What are Query Fanouts
Written By Rankshift
When you type a question into an AI model like ChatGPT or Perplexity, the AI doesn't just process your exact question. Behind the scenes, it breaks your prompt down into multiple related sub-queries: searching across different angles, intents, and phrasing, before generating its final answer.
These sub-queries are called query fanouts.
A simple example
Say someone asks:
Prompt:
Which providers offer iPhone plans with unlimited data?

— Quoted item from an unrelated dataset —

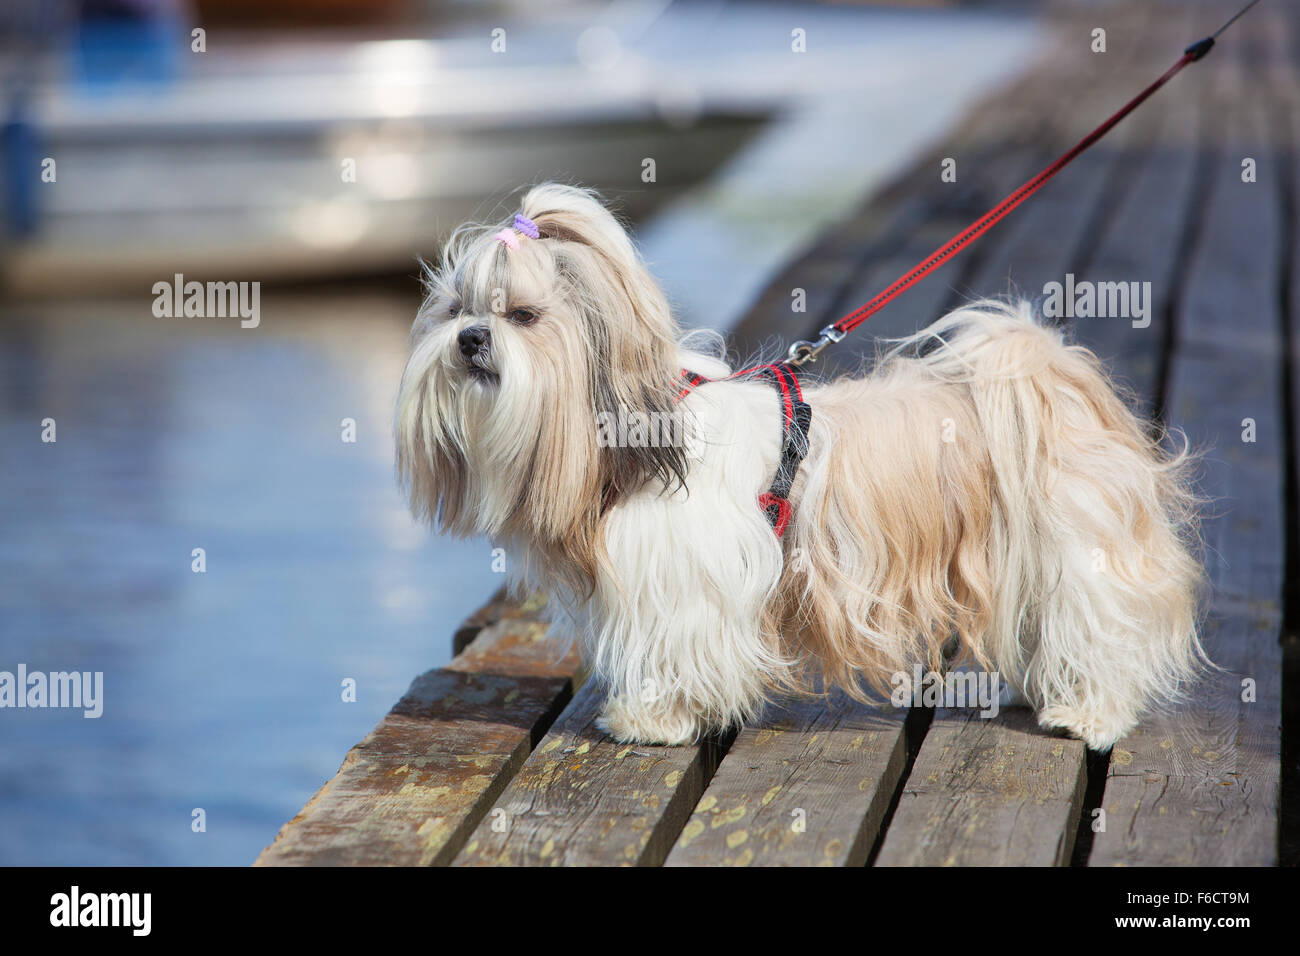 Shih-tzu dog standing on wooden bridge and looking on water. Stock Photo
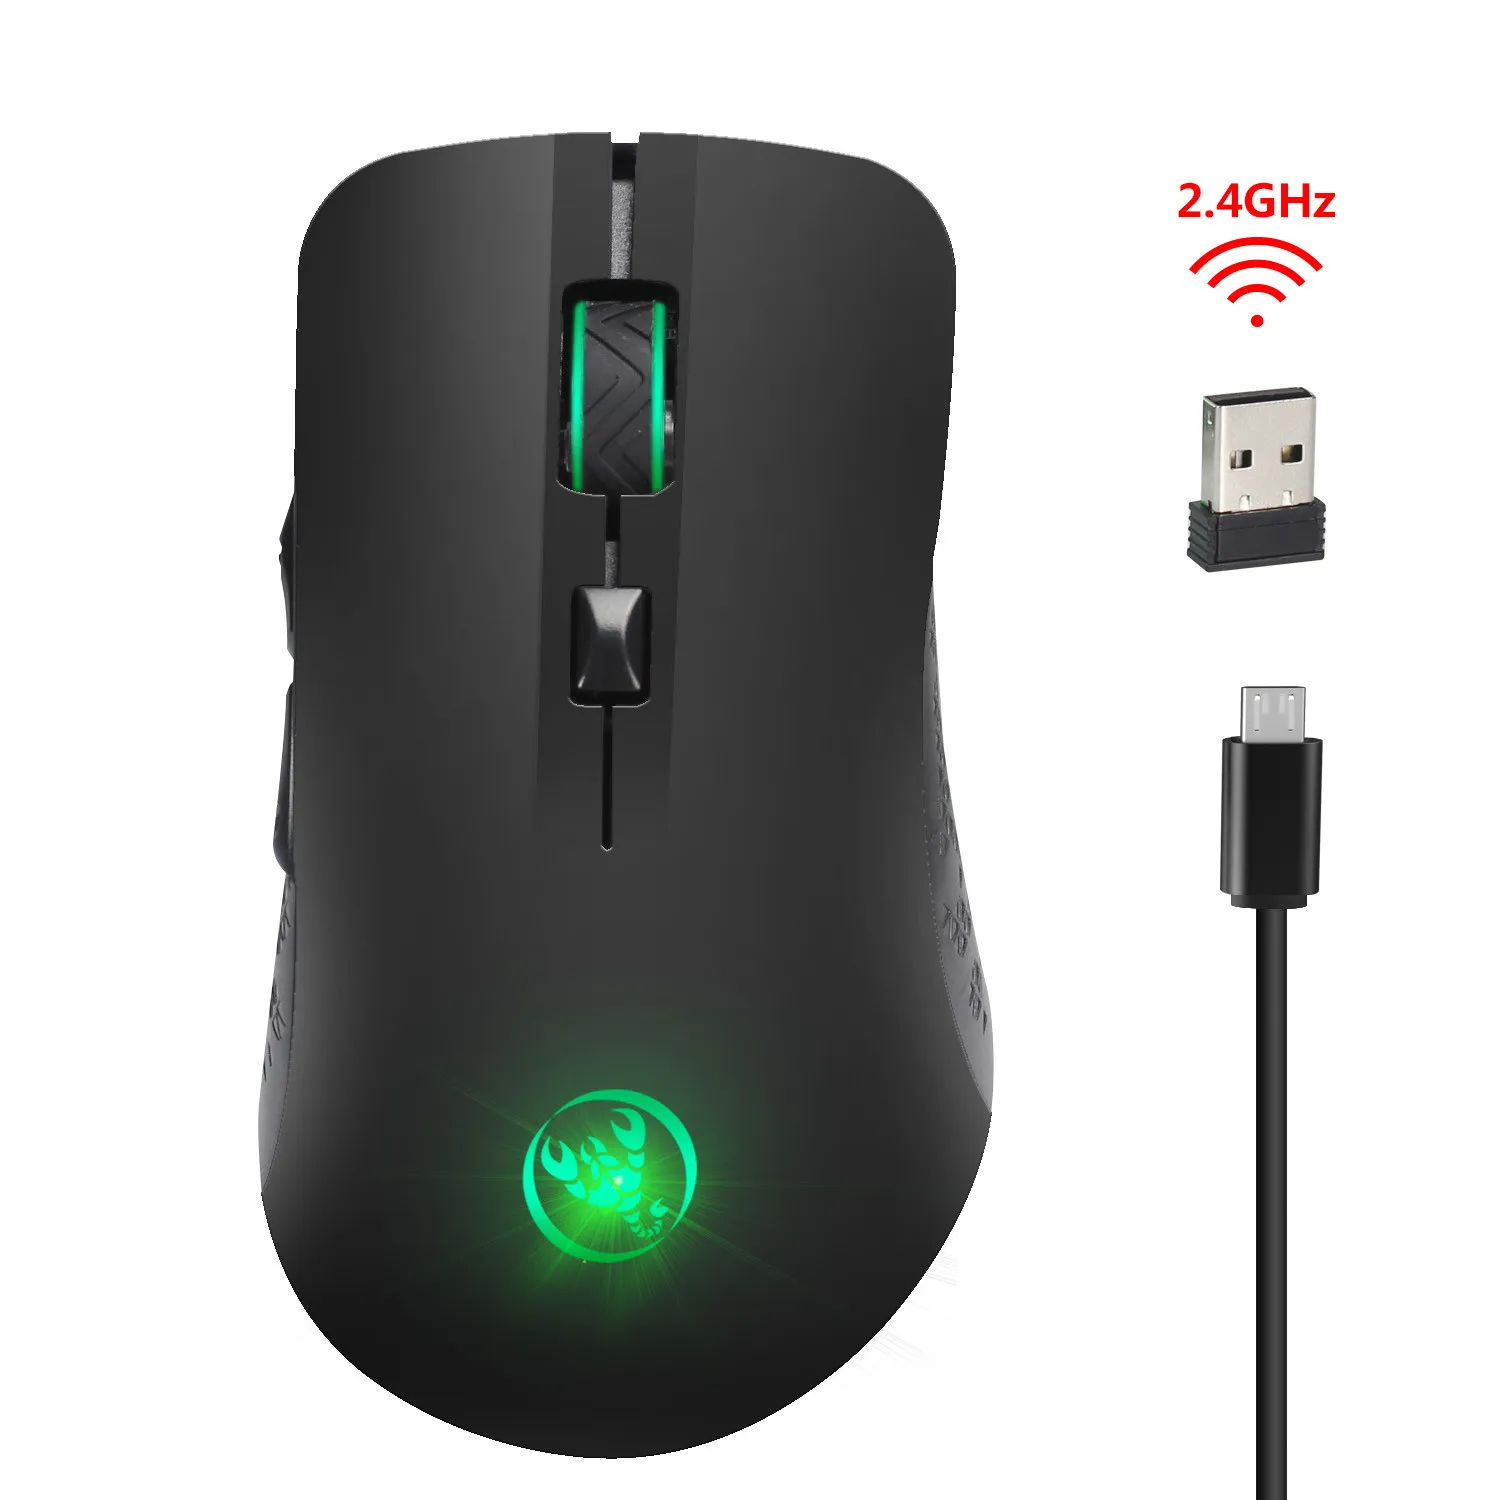 M20 Wireless Gaming Mouse 2.4GHz 2400DPI Optical USB LED Ergonomic Charging Mice for gamers computer PC laptop keyboard | Компьютеры и

The AI may internally generate fanout queries like:
Fanout queries:
iPhone unlimited data plans providers
Which providers offer iPhone plans with unlimited data Netherlands
iPhone unlimited data plans providers Netherlands 2026
Which mobile providers in Netherlands offer unlimited data iPhone plans
Each fanout query represents a different search path the AI explores to build its answer. The more of those paths lead to your brand or content, the more likely you are to be mentioned in the final response.
Why do query fanouts matter?
AI models don't just retrieve one page, they explore a network of related queries. This means your AI visibility isn't determined by a single keyword or page, but by how broadly your content covers the topics an AI might explore when answering questions in your space.
A year is often added to fanout queries (e.g. 2026), which means AI models frequently look for recent sources. Make sure your pages have strong freshness signals: update dates, recent stats, current year in your titles and headings.
A location is often added to fanouts (e.g. Netherlands). If your business serves specific regions, make sure those locations appear in your page titles, meta descriptions, and headings.
Fanouts can reveal different intents than your original prompt. If the AI fanout explores a topic your current page doesn't cover, it may be worth creating a dedicated page for that specific query.
π‘ Query fanouts are a window into how AI models think. Understanding them helps you build content that gets retrieved, not just ranked.